唐突に心が決壊する瞬間というのはある。何が原因かは分かっていて、でも今である理由なんて、恐らくはない。
 寝る前に深酒なんかするんじゃないよ。といっそ数時間前の自身を殴りたい気分だったが、あくまでもそれは要因のひとつであり、其れだけが原因とならないのを与謝野はよく理解していた。
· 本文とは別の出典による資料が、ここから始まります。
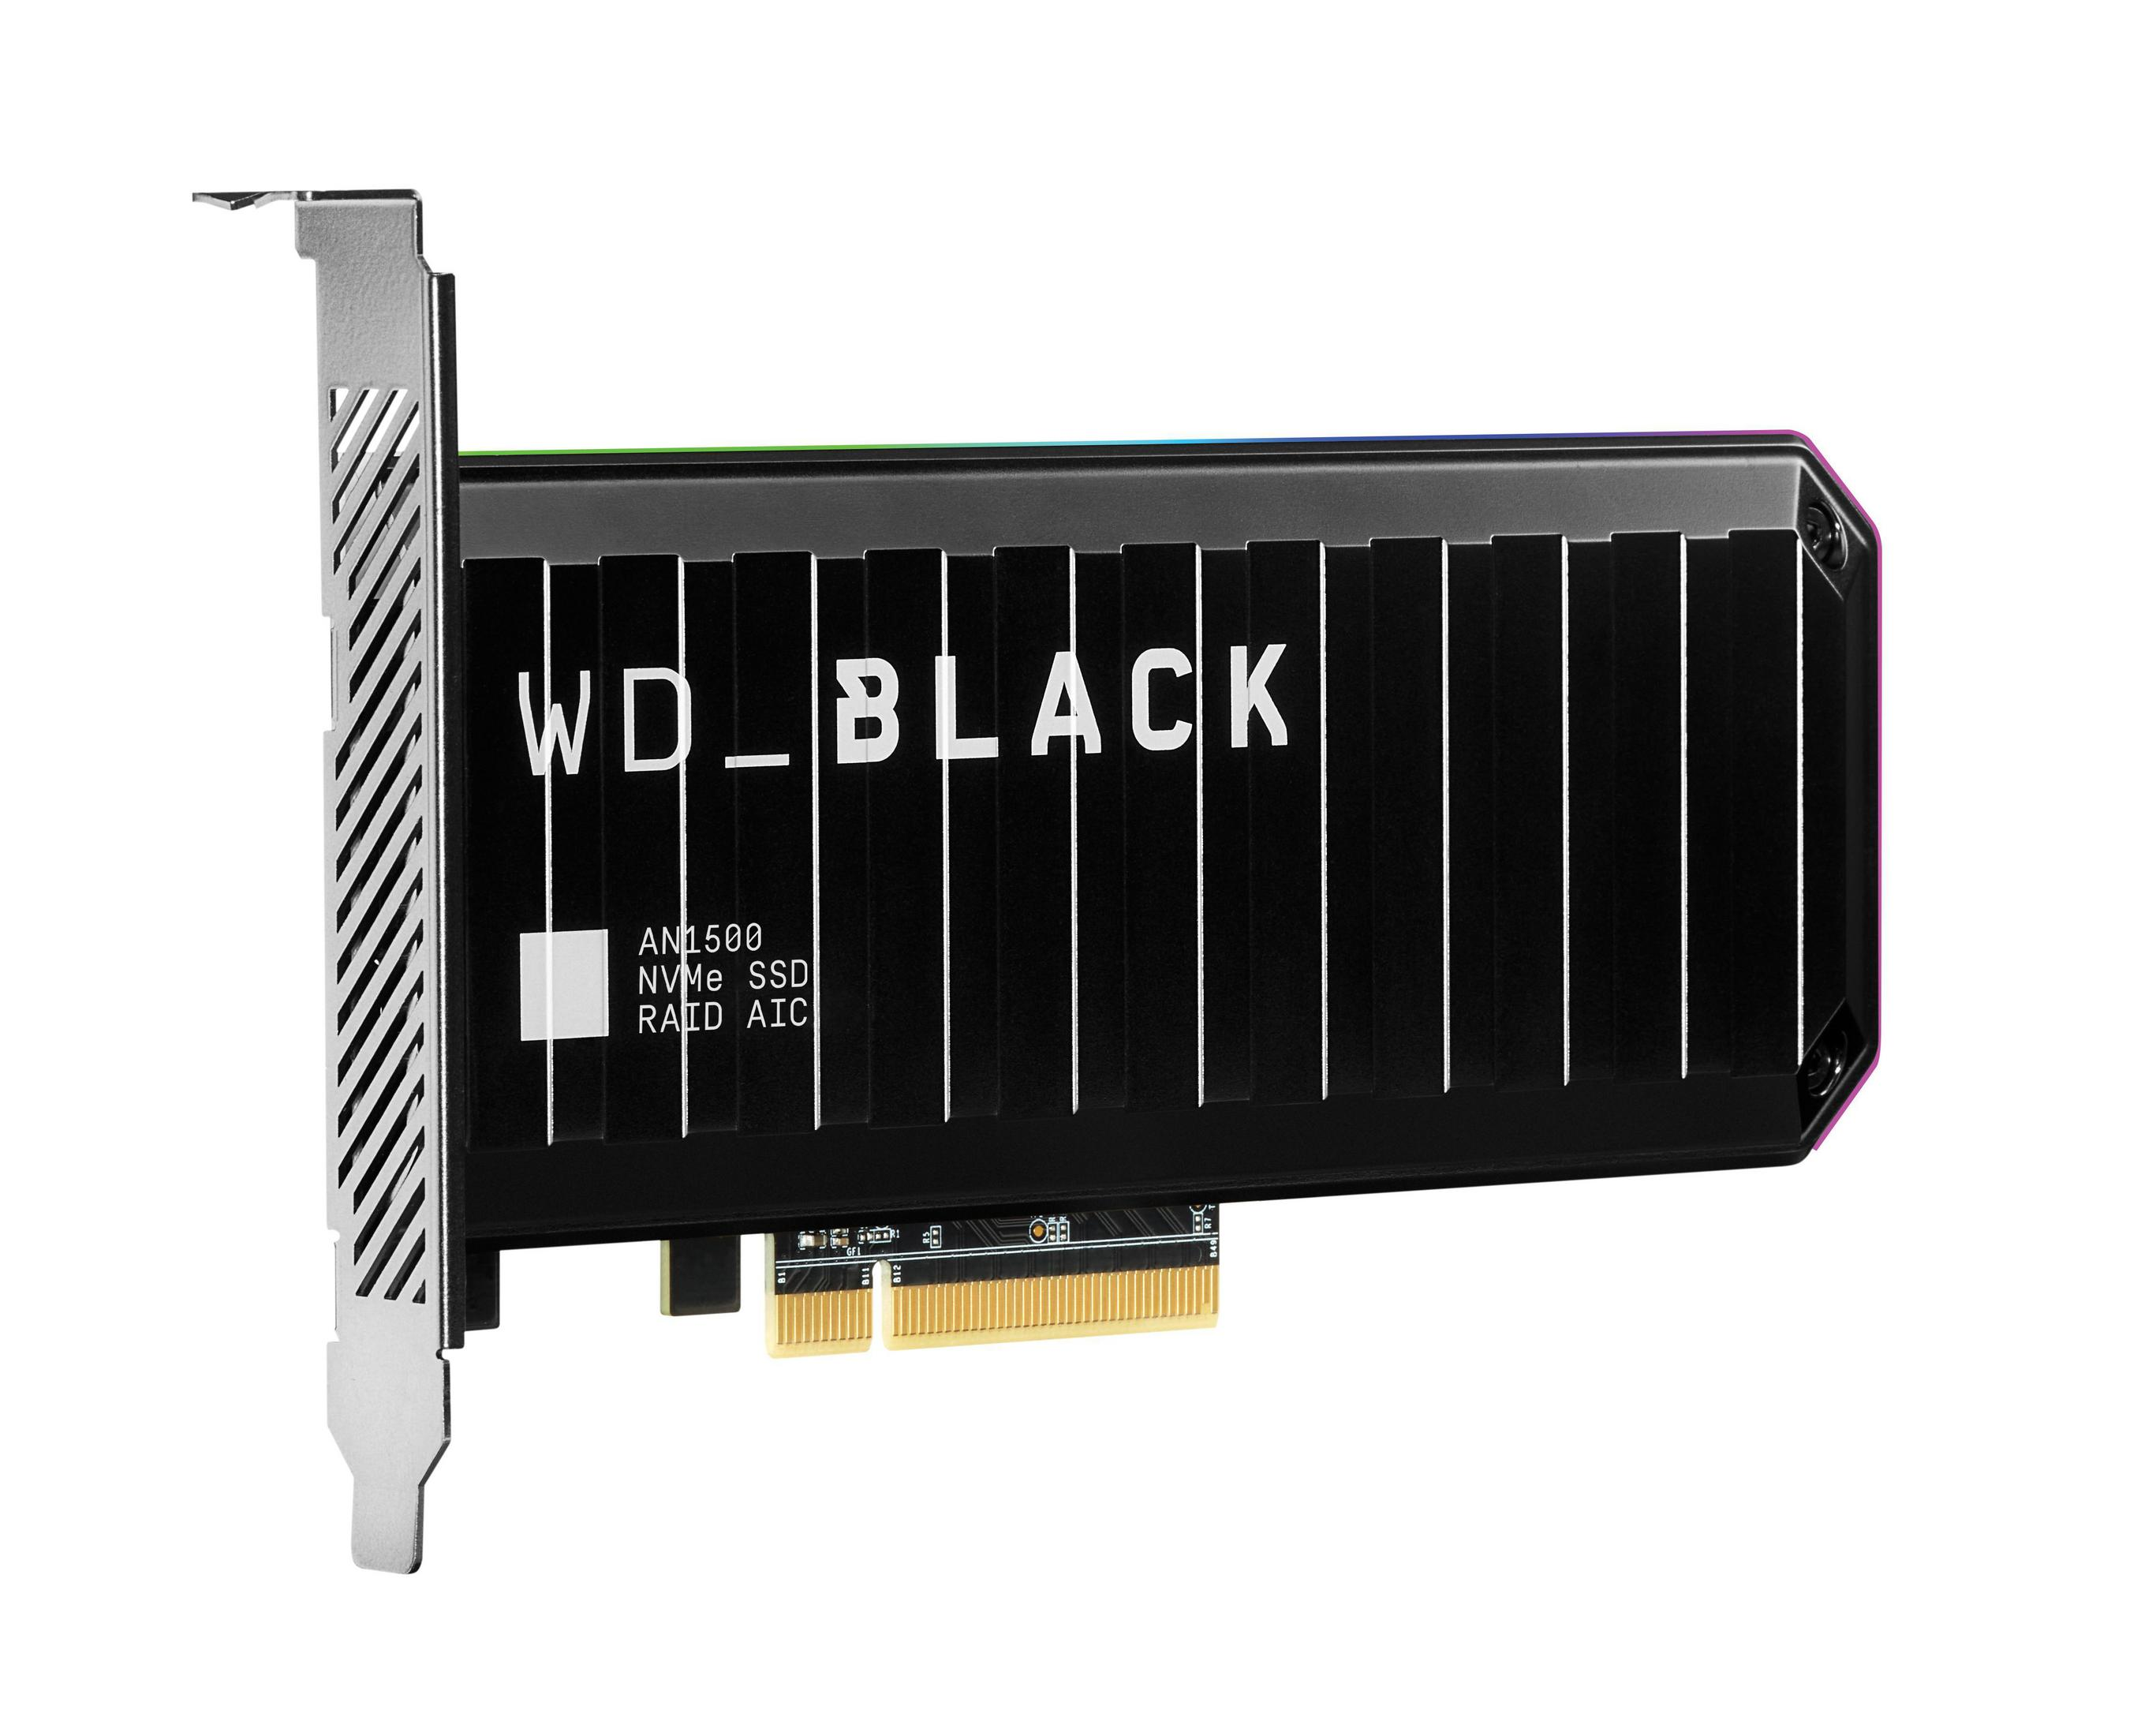 WD WDS200T1X0L WD AN1500 TB, BLACK intern SSD, PCIE 2TB, 2

 だから、漠然と悪夢に飛び起きて尚止まらぬ汗と動悸、そして勝手に涙腺を占有する感情と綯い交ぜになった恐怖から流れる涙にどうしようも無い疲労が混じる。イモムシのようにタオルケットに丸まって、泣き疲れるのを待つしかないとは思うものの、幼子のように熱を持った身体は簡単に意識を手放してはくれない。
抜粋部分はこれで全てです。